Items from a dataset:
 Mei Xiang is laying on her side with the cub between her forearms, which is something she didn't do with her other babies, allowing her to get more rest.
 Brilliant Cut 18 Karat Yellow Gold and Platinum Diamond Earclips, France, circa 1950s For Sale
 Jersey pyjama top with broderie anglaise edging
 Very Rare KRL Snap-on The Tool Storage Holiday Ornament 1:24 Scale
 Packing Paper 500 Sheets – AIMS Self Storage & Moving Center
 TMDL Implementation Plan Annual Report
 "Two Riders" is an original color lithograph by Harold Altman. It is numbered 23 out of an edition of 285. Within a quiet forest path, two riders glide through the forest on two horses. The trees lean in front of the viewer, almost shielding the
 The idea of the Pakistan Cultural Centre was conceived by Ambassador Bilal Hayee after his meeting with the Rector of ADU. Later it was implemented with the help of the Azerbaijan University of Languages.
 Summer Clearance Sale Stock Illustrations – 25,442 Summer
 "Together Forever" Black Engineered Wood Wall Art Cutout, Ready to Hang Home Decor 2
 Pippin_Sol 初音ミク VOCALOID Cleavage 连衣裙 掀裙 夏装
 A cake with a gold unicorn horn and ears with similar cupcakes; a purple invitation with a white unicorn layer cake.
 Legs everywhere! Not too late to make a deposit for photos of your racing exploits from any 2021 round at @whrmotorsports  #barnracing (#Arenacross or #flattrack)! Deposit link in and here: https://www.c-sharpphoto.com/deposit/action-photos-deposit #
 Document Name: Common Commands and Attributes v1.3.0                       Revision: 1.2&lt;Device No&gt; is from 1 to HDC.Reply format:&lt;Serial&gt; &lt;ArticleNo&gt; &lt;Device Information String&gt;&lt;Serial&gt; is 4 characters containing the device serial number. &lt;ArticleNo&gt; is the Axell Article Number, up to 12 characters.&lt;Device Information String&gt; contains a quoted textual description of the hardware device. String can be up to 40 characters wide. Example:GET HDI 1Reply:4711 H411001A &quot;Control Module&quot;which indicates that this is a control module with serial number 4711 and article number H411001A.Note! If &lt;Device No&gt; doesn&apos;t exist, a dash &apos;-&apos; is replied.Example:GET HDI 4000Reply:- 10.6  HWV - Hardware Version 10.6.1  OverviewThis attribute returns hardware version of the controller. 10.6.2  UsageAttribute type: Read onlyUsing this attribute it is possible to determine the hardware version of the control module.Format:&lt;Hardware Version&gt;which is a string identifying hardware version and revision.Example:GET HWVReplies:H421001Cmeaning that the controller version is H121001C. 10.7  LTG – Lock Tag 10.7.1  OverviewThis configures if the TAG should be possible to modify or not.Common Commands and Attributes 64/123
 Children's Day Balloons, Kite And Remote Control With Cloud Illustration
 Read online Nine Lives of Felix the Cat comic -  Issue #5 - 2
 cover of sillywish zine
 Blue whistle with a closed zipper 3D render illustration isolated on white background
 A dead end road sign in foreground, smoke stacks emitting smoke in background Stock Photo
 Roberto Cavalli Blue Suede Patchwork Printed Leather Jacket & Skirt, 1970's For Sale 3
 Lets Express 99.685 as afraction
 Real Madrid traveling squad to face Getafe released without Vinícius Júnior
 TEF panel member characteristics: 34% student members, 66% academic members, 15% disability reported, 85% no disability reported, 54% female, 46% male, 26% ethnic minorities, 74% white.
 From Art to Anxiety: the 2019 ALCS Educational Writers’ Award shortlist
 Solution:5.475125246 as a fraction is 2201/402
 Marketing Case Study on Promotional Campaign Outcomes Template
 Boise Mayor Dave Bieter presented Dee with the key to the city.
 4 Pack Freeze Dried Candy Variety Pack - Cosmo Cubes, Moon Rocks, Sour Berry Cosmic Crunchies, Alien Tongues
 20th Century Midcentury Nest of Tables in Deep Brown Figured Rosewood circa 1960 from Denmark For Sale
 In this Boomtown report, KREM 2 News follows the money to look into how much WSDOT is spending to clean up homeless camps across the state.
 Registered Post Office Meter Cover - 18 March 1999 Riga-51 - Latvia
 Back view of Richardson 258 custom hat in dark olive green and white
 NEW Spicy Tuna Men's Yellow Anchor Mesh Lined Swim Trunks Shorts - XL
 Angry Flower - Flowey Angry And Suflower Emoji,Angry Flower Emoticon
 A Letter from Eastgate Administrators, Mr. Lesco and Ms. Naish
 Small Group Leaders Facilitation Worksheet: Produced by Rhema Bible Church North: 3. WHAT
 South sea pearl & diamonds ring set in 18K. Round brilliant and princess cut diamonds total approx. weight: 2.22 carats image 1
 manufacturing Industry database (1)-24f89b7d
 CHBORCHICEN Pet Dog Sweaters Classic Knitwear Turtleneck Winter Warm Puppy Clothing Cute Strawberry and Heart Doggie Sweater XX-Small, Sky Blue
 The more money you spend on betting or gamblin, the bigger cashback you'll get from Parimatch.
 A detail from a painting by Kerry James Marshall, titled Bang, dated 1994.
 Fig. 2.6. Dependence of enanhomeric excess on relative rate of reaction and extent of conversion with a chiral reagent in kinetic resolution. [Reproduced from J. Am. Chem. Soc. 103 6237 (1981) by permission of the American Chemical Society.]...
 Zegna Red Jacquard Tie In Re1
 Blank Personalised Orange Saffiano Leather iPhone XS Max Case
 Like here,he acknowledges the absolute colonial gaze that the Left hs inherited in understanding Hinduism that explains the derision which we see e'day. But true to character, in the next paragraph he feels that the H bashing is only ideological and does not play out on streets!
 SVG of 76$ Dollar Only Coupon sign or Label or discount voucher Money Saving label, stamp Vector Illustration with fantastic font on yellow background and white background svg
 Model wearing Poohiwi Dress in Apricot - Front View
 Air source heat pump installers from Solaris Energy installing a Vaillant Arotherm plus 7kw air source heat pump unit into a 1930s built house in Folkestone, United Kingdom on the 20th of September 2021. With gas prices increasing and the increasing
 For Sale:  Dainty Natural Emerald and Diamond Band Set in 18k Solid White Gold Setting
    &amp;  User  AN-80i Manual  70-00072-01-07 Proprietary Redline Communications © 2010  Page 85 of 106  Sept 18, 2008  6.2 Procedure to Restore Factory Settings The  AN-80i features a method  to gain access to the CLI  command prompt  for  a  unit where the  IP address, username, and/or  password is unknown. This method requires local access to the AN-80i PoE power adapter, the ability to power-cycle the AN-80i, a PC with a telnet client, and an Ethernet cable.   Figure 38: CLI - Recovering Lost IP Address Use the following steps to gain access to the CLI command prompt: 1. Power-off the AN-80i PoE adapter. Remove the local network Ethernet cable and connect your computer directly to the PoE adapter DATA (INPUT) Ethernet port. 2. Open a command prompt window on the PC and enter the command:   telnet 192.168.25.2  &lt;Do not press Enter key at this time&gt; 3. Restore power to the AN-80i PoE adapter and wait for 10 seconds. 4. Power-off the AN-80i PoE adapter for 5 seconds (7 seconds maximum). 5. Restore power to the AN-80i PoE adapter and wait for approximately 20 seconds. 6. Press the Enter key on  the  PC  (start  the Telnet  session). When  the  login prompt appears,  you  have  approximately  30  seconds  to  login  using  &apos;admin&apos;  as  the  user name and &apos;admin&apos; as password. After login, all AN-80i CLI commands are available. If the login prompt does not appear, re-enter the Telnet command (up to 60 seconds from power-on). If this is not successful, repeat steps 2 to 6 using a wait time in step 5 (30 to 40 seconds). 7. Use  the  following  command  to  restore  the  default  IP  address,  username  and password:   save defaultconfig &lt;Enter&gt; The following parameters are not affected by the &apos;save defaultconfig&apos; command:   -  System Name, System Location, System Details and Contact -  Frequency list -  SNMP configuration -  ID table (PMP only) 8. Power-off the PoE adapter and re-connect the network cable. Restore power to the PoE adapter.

Exercise
Transcribe the lines above between the line holding "Real Madrid traveling" and the line holding "Angry Flower - Flowey", inclusive, exactly as they stand and with nothing added.

Exercise solution
 Real Madrid traveling squad to face Getafe released without Vinícius Júnior
 TEF panel member characteristics: 34% student members, 66% academic members, 15% disability reported, 85% no disability reported, 54% female, 46% male, 26% ethnic minorities, 74% white.
 From Art to Anxiety: the 2019 ALCS Educational Writers’ Award shortlist
 Solution:5.475125246 as a fraction is 2201/402
 Marketing Case Study on Promotional Campaign Outcomes Template
 Boise Mayor Dave Bieter presented Dee with the key to the city.
 4 Pack Freeze Dried Candy Variety Pack - Cosmo Cubes, Moon Rocks, Sour Berry Cosmic Crunchies, Alien Tongues
 20th Century Midcentury Nest of Tables in Deep Brown Figured Rosewood circa 1960 from Denmark For Sale
 In this Boomtown report, KREM 2 News follows the money to look into how much WSDOT is spending to clean up homeless camps across the state.
 Registered Post Office Meter Cover - 18 March 1999 Riga-51 - Latvia
 Back view of Richardson 258 custom hat in dark olive green and white
 NEW Spicy Tuna Men's Yellow Anchor Mesh Lined Swim Trunks Shorts - XL
 Angry Flower - Flowey Angry And Suflower Emoji,Angry Flower Emoticon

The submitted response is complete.